SHORTT: In other words, you want to defend the integrity of being a conscientious objector in one situation or at one level, while at the same time paying your taxes and driving a car.

VOLF: That’s right. I can imagine myself being an adviser to a government in a Cold War situation on the one hand, while, on the other, deploring that government’s policies in other spheres if they conflict-ed with my convictions. Even if I felt that complete non-involvement with the government were appropriate, I might well be involved in many other spheres of life, such as business or medicine or education. Typologies are straitjackets designed with specific values and interests in mind. John Howard Yoder’s critique of the kind of typology that H. Richard Niebuhr adopts in his book Christ and Culture is exactly on target. Some aspects of culture we can accept at face value. I don’t know how to make a hatchback car as distinct from a saloon in a Christian way, for example, and therefore would not know what it would mean to make it in a non-Christian way. In other areas of culture I might participate at a critical distance. In yet other areas I might refuse participation completely. Moreover, these areas and these situations are not static; they may change and therefore necessitate a change in my stance.

SHORTT: Nevertheless, you’ve owned up to a significant change of outlook by conceding that in some circumstances B52 bombers are the appropriate response to cases of intolerable aggression. To that extent, you yourself have become more of a ‘realist’. Isn’t it surprising, then, that you’re commending the pacifist John Howard Yoder, but criticising the ex-pacifist David Martin?
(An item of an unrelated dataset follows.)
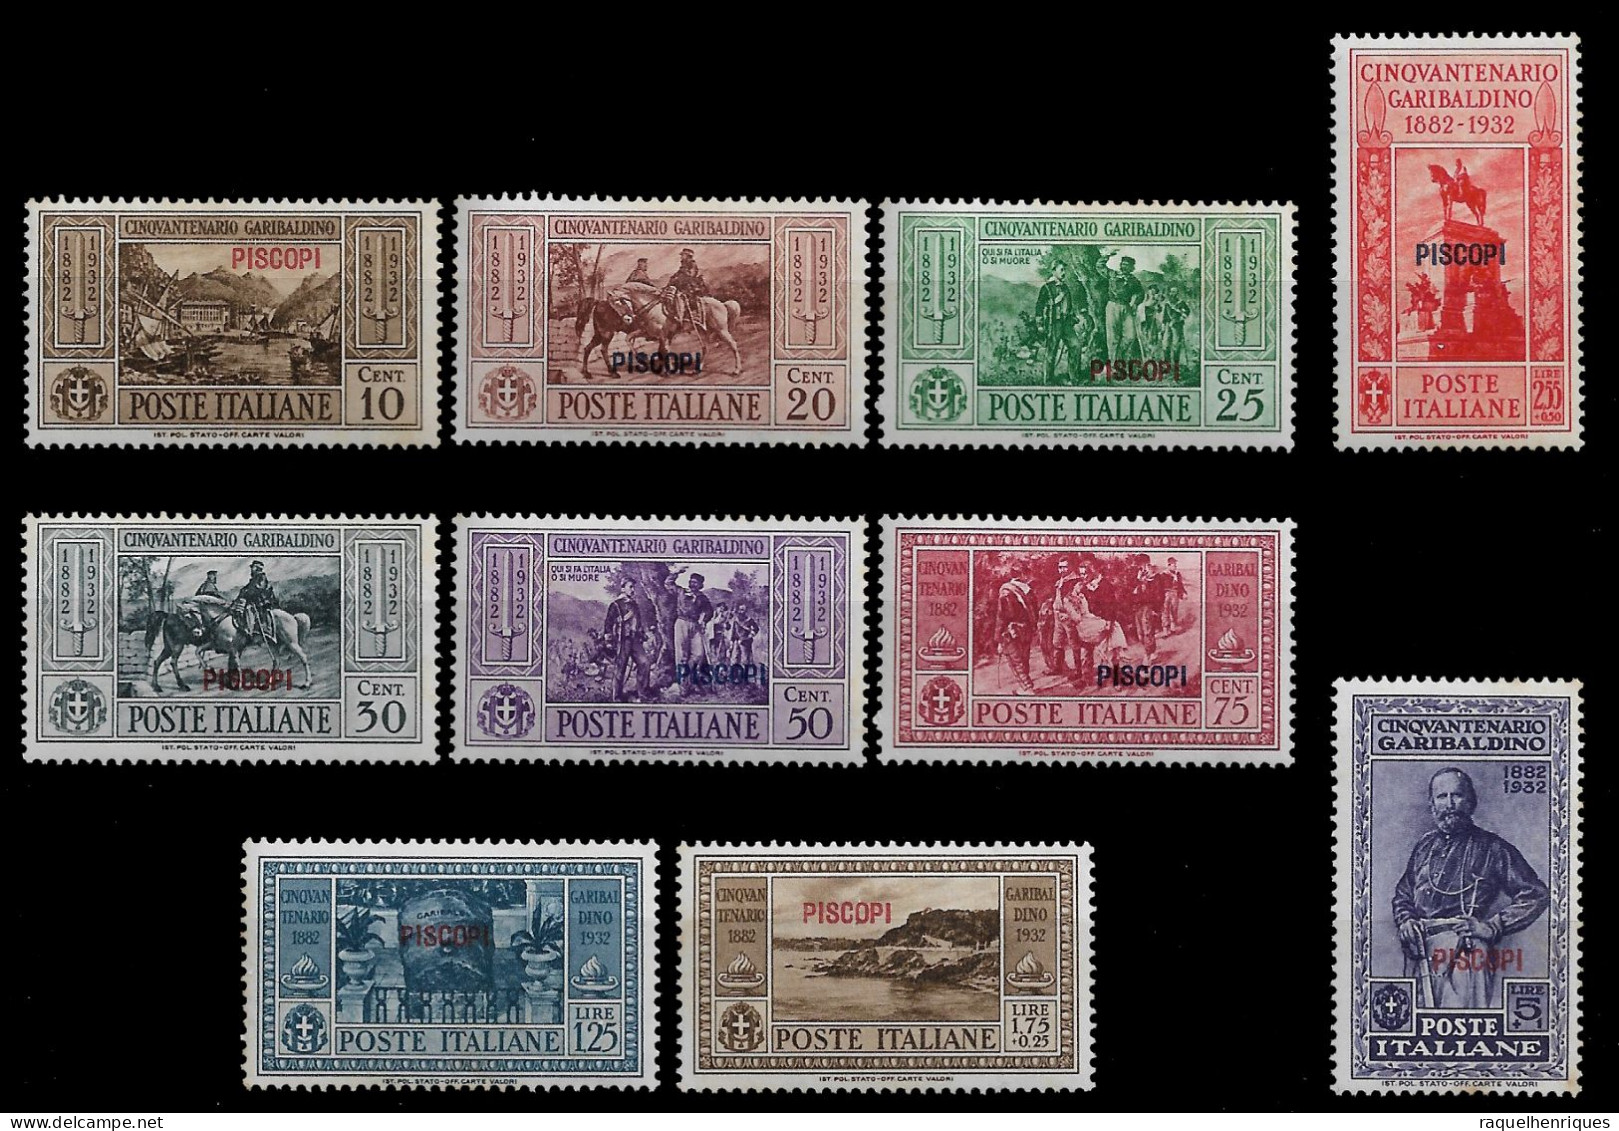 Postage Stamps Of Italian Colonies - PISCOPI 1932 Giuseppe Garibaldi SET MNH (BA5#399) - Egeo (Piscopi)
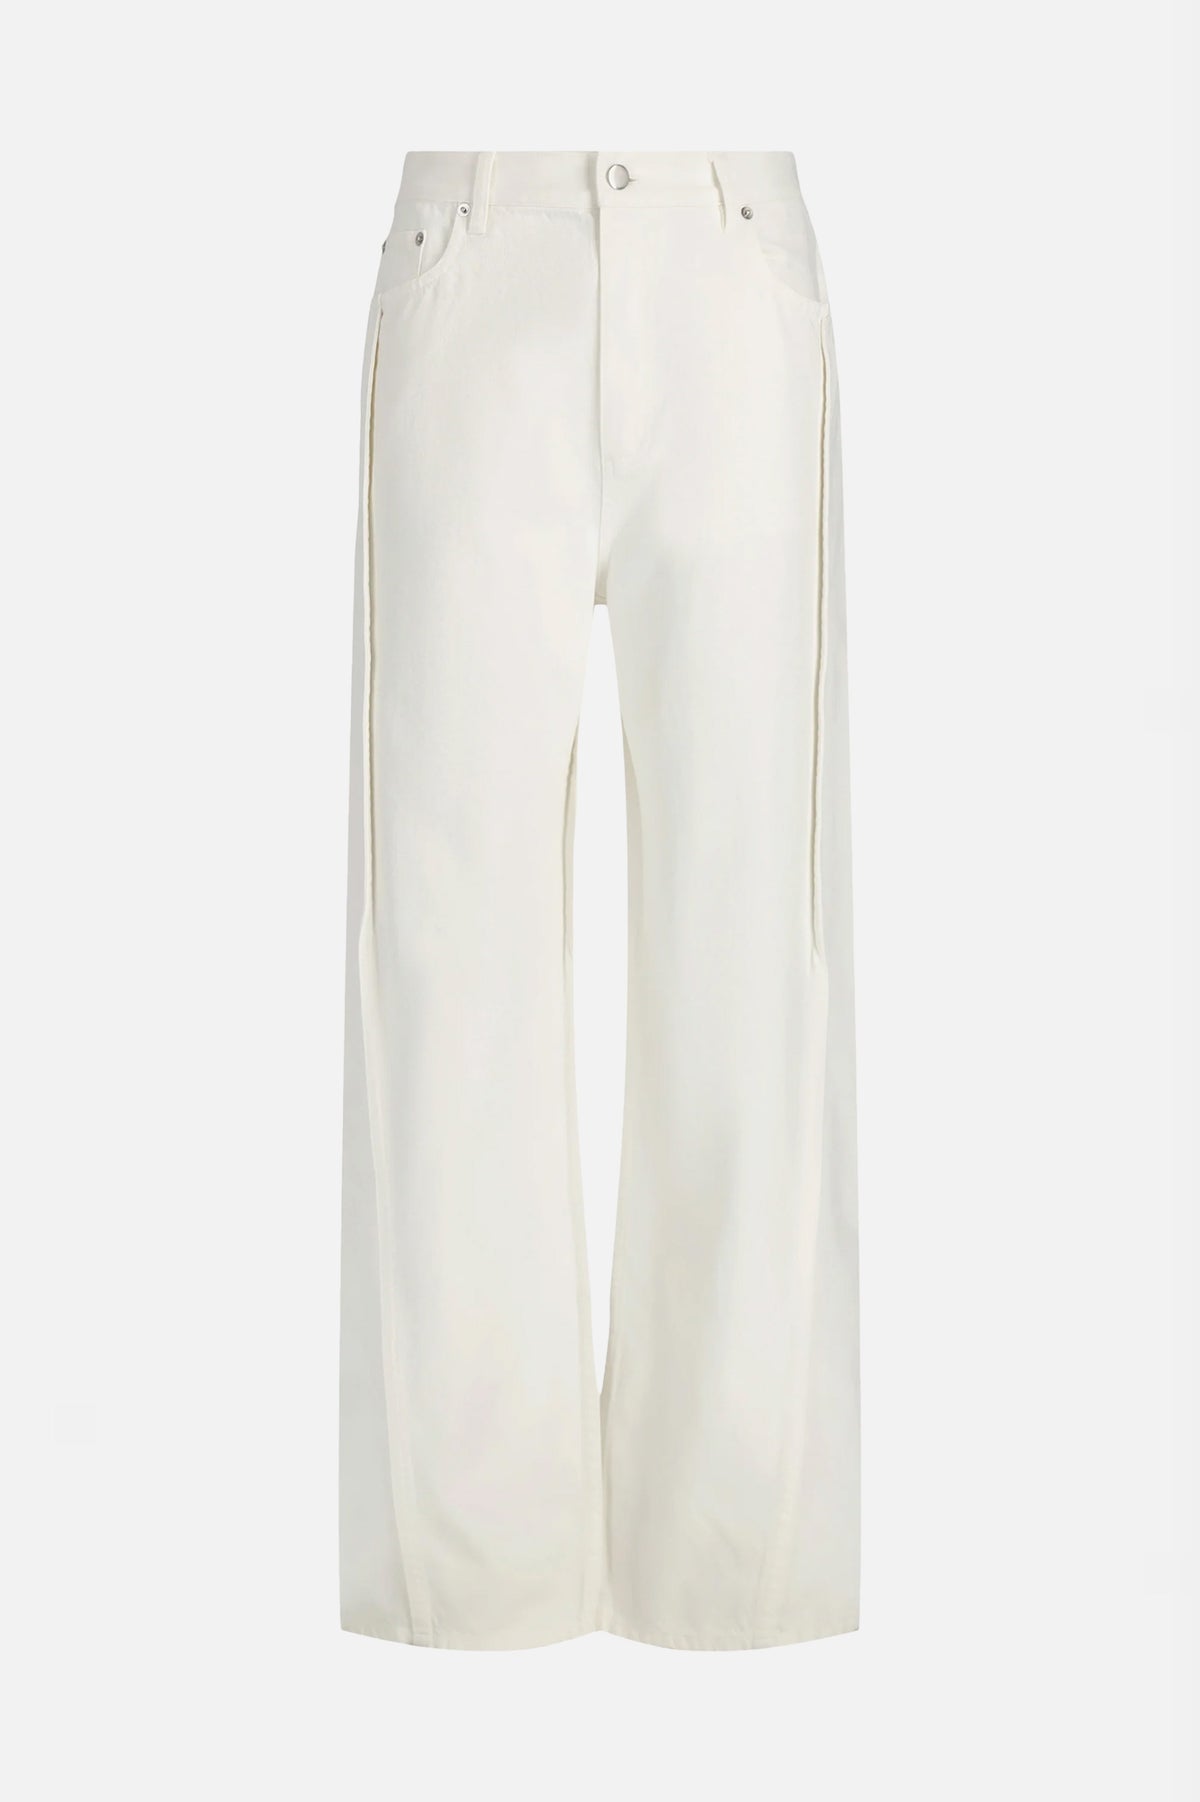 Spring Denim Tuck Jean in White - Regular

VOLF: I’m not sure about B52 bombers. They may be too crude an instrument. But as I’ve mentioned briefly, I do think that a military response may be appropriate in cases of intolerable aggression. I shifted from the pacifism of my childhood and early adulthood to the position I am taking now by extending the obligation to love my neighbour when that neighbour’s life is threatened by a third party. After reading Oliver O’Donovan’s book The Just War Revisited, in which he understands war in the context of a ‘reconciling praxis of judgment’5 and argues that it is not ‘essential to war making that you should kill, merely that you should remove by all necessary means the forces that oppose you’6 I find that I’m not as far from just-war theory as I thought I was. As to the question about Yoder and David Martin: I am commending and criticising here only narrow segments of their thought. I’ve learned a great deal from David Martin, and I like his account of secularization and analyses of Latin American Pentecostalism. My point is very simple. I don’t have, and I don’t think it is good to have, some overarching stance toward the world. It is to Yoder’s credit that he rejected such stable, overarching stances. His opponents, who have a stake in painting him as a sectarian so as to dismiss him more easily, seem to me much less subtle on this point than he was. On this issue, my position is somewhat analogous to that taken years ago by another Yale theologian, Hans Frei, on theology’s relation to particular philosophies. He recommended an ad hoc approach, based on the extent to which a given school of thought can help illuminate the Christian story. At the same time, he insisted that other philosophies should never control our understanding of the Christian narrative, which in reality means replacing it. In my opinion, that’s what it means to think and act in a Christian way. To use Augustine’s image, I don’t see why I should either melt all the gold of the Egyptians, or simply use it as it is. My term for such a stance is ‘soft difference’: there is difference, but the difference is soft in the sense that boundaries are not impermeable. For me, our engagement across the boundaries should be governed by the demands of generosity and justice.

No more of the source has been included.